At this point, you could almost extrapolate a Warner Bros. cartoon from the setting.  There's a dude with a guitar, a bunch of bar-ba-loots including the big fat one and the little cute teddi-loot, the honky birds, the singy fish, and the Lorax.  There were a couple of cute jokes going on, including one involving static electricity.

The show cuts back from "The Lorax" to Ted's story again, and we find out that... surprise surprise... the rich dude not only has everyone under surveillance, but also that he's threatened by the idea of trees.  This actually becomes the more important part of the movie, which will be explained later.

Anyway, Ted slips the surveillance and sees the Once-ler the next day, and the Once-ler goes through the second half of the book itself.  During this sequence, there was another song ("How Bad Can I Be?"), and this one was actually rather enjoyable.

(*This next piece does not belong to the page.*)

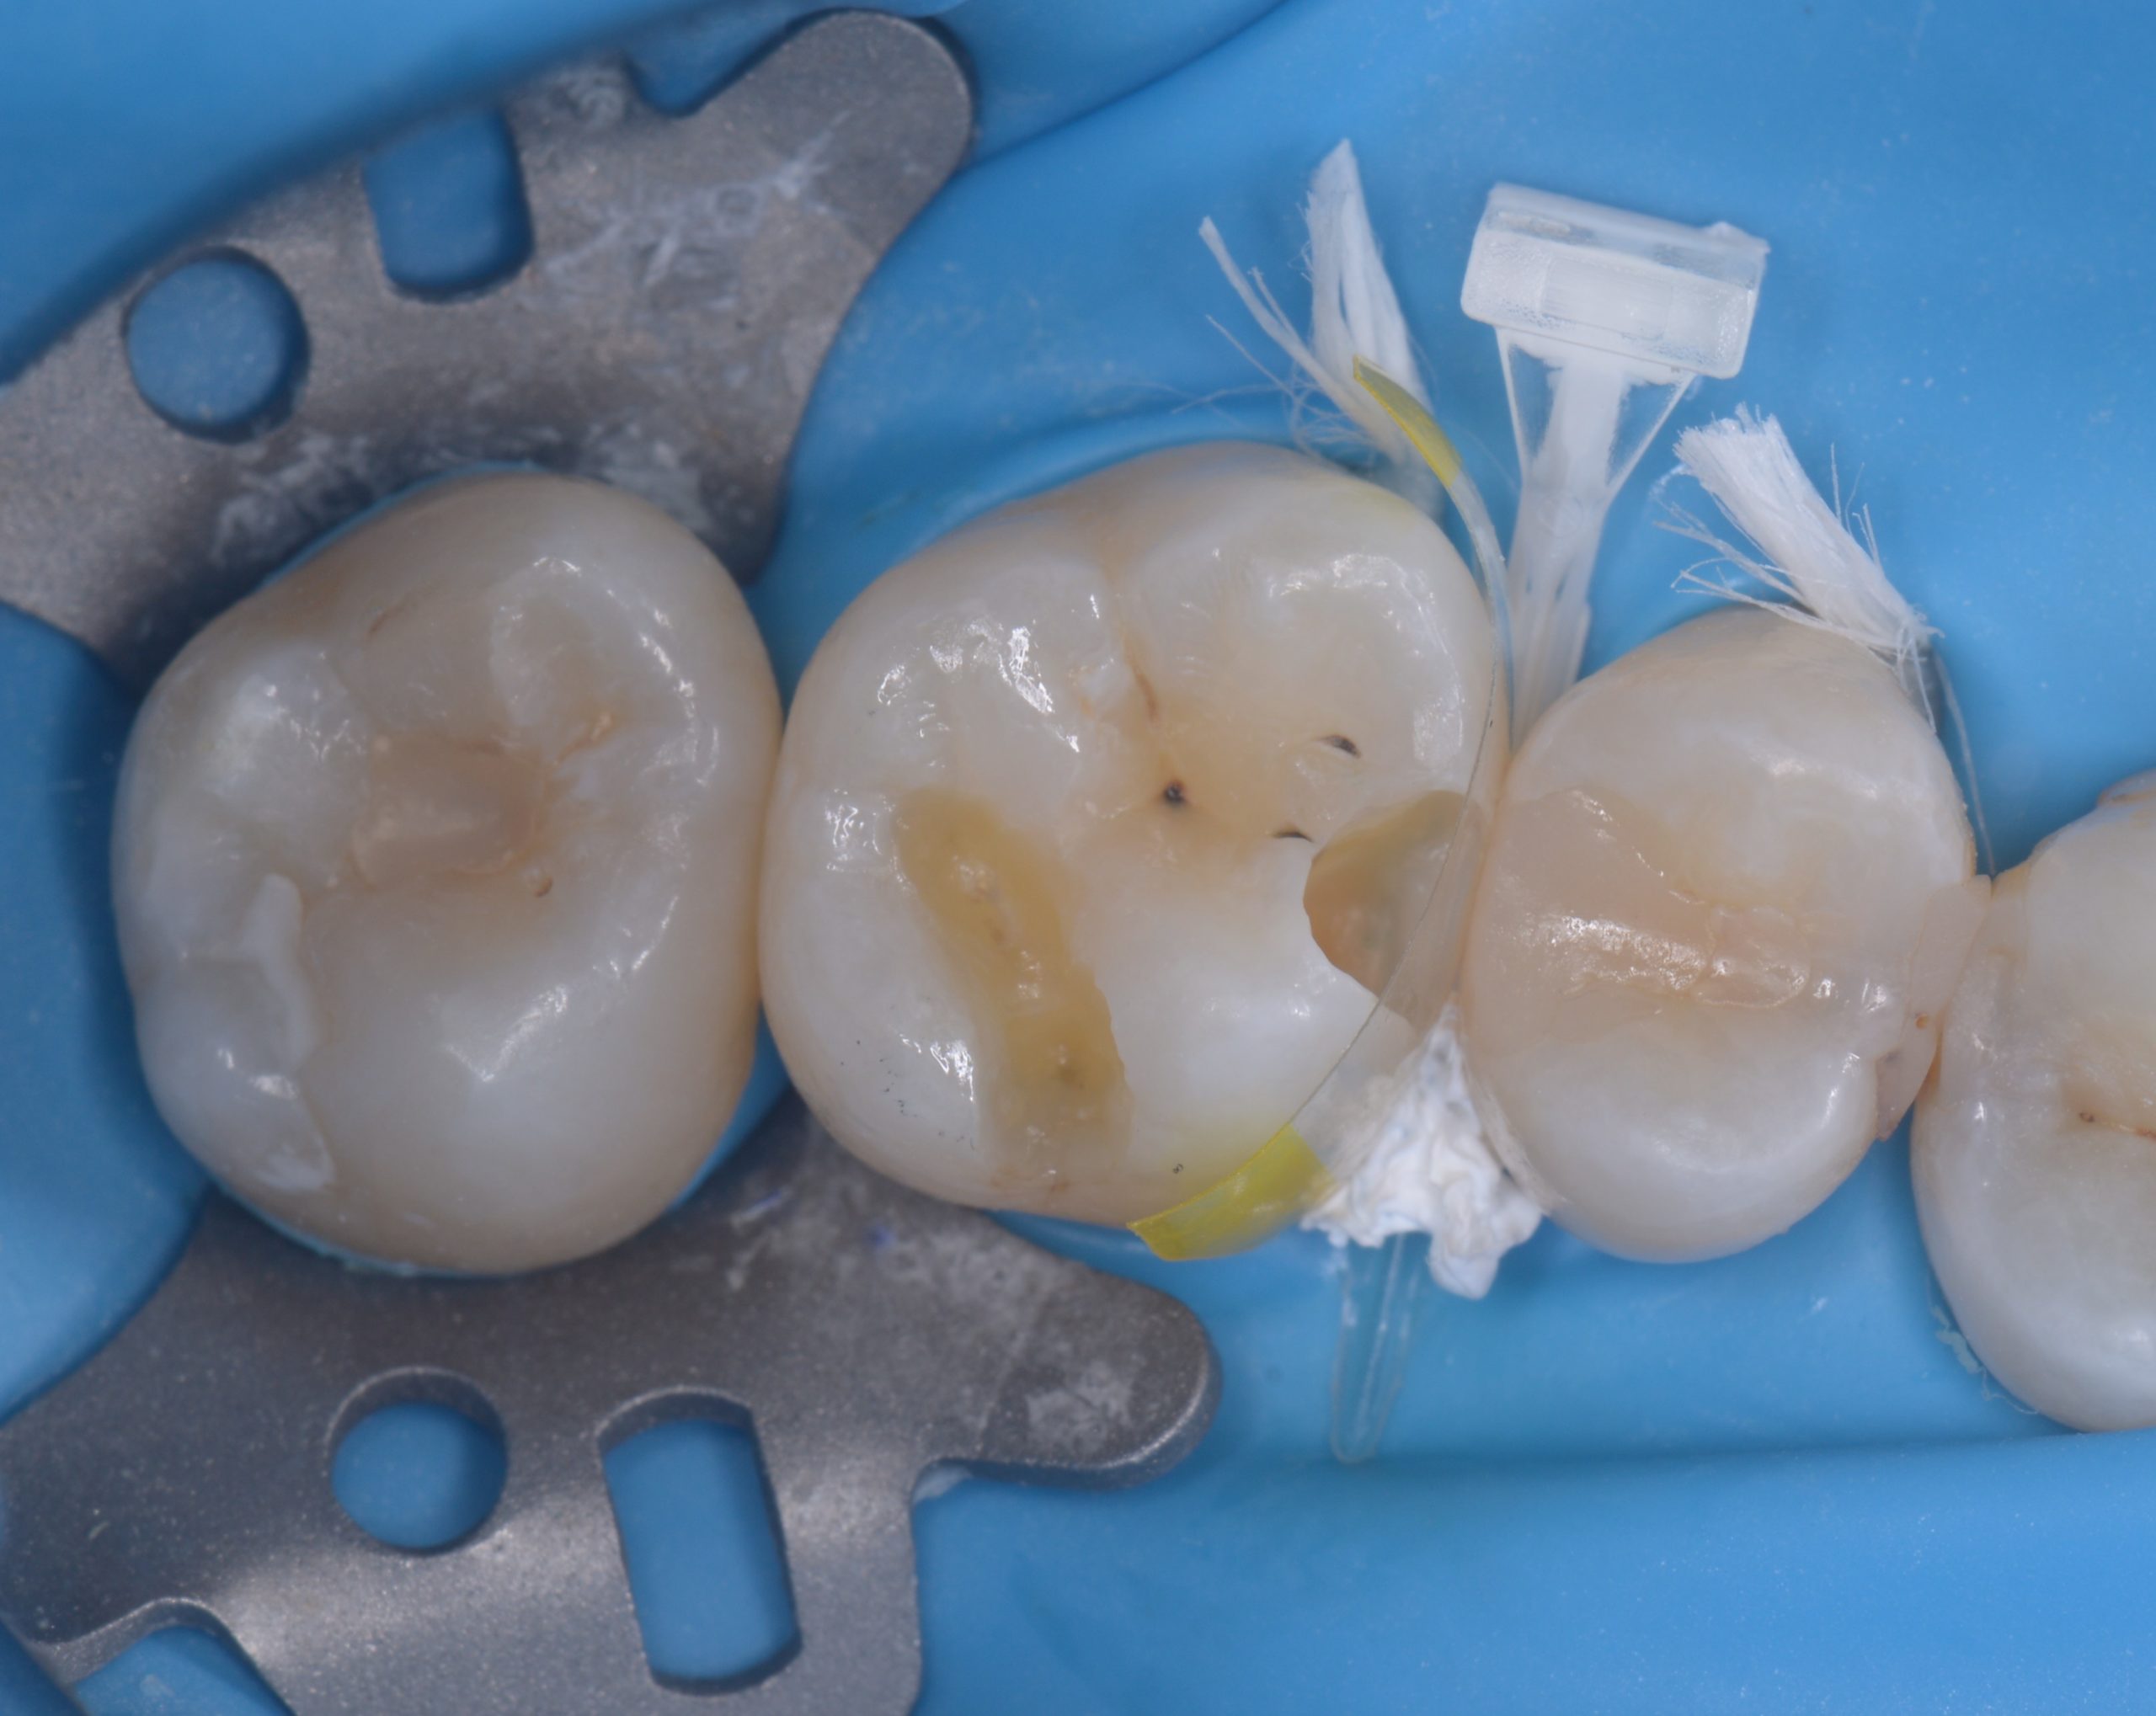 ダイレクトボンディングにより歯の間の虫歯を修復したケース

Right after the song, a bunch of the threads come together (no pun, I swear).  Between O'Hare and the Once-ler, you can almost draw a direct line between all of the bad habits that literally help businesses.  Companies pay big money to access information about people in order to tailor their products to market, and companies are also very interested in erecting barriers to entry.  After all, the tree symbolizes something for free that people used to pay for, so the air tycoon O'Hare is more than happy to try to stop it in any way possible.  Directly after the song, the Once-ler has a line that is very telling, when he tells the Lorax that all of what the Once-ler is doing is "perfectly legal."

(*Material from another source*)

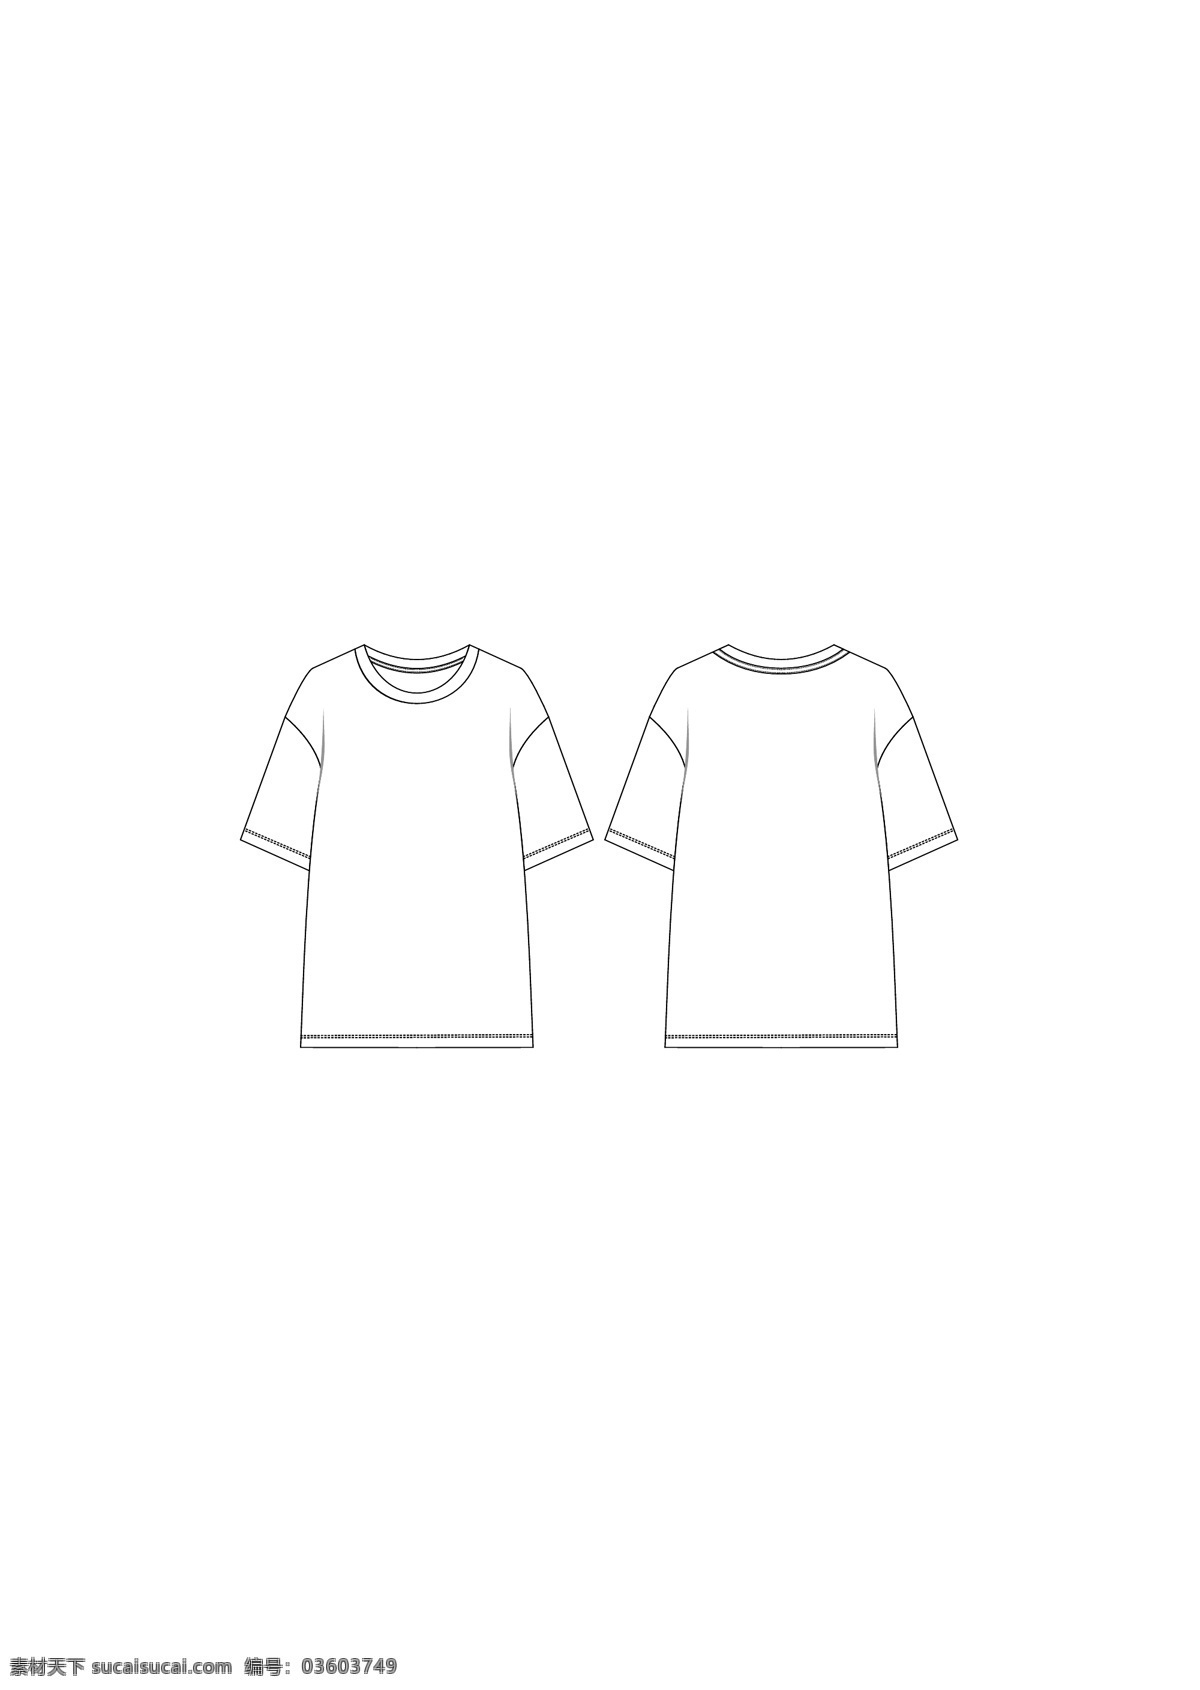 女装 夏季 落 肩 袖 短袖 t 恤 款式 图 落肩袖 t恤 款式图 模板 vi设计

And it is.  That's the biggest key though... the Lorax in the book and in the movie is supposed to represent not only "the trees", but the Once-ler's conscience.  When the Once-ler tells the Lorax that what he's doing is legal, he's telling his conscience not only to shut up but also saying something very profound.  There are quite a few people who believe in Adam Smith's "invisible hand", but self-interest also results in the invisible hand punching hippies and other bums who attempt to represent a different point of view.  Earlier in the movie, it was shown that the Once-ler's family bowed to the Once-ler's promise to the Lorax not to cut any more trees down... but after the family proved to be incompetent, the trees started falling and never stopped.  There was never a point where the Once-ler could say, "We have demand covered for the time being, let's slow down"... it was full speed ahead.

And obviously, it is a cautionary tale because the trees are truly a renewable resource, and even then the Once-ler managed to run out of them.  Businessmen have since learned that the Once-ler's model is not correct, because enforced scarcity (especially in a monopoly setting) allows for price gouging.  Anyway, the Once-ler gets the seed to Ted, Ted takes the seed back to town, the townspeople at first agree with O'Hare to tell Ted to stuff the seed, and then Ted takes heavy equipment to break down the wall.

The wall is the catharsis and the key, I think, especially when it comes to this day and age.  The wall galvanizes the crowd because they see the abject misery of the environment beyond the walls.  Then comes the last song where the crowd gives approval to Ted to plant the tree in downtown... up to and including O'Hare's heavies.

Two last points... even O'Hare's heavies abandoned him at the end of the movie.  This doesn't happen in real life, when there are so many people that are dependent on companies that can tend to destruction for profit, especially when money can be passed around to make sure that enough people are "taken care of".

The second point is this... Ted, the main character, did ALL OF THIS... destroyed the status quo, possibly made other people sick due to breaking the walls and letting in the dirty air, breaking the O'Hare monopoly... in order to get a kiss on the cheek from the token female prize.  *sigh*

Overall, the songs actually add to the film, the film does have a very important message though it is a bit out-of-date to our current situations, and the movie has enough humor to be interesting for the little ones.  I would give it a 3.1 rating on my 1-4 scale, I would certainly enjoy seeing it another time and seems to be a good way to illustrate some of the natural conflicts that occur between the marketplace and the community.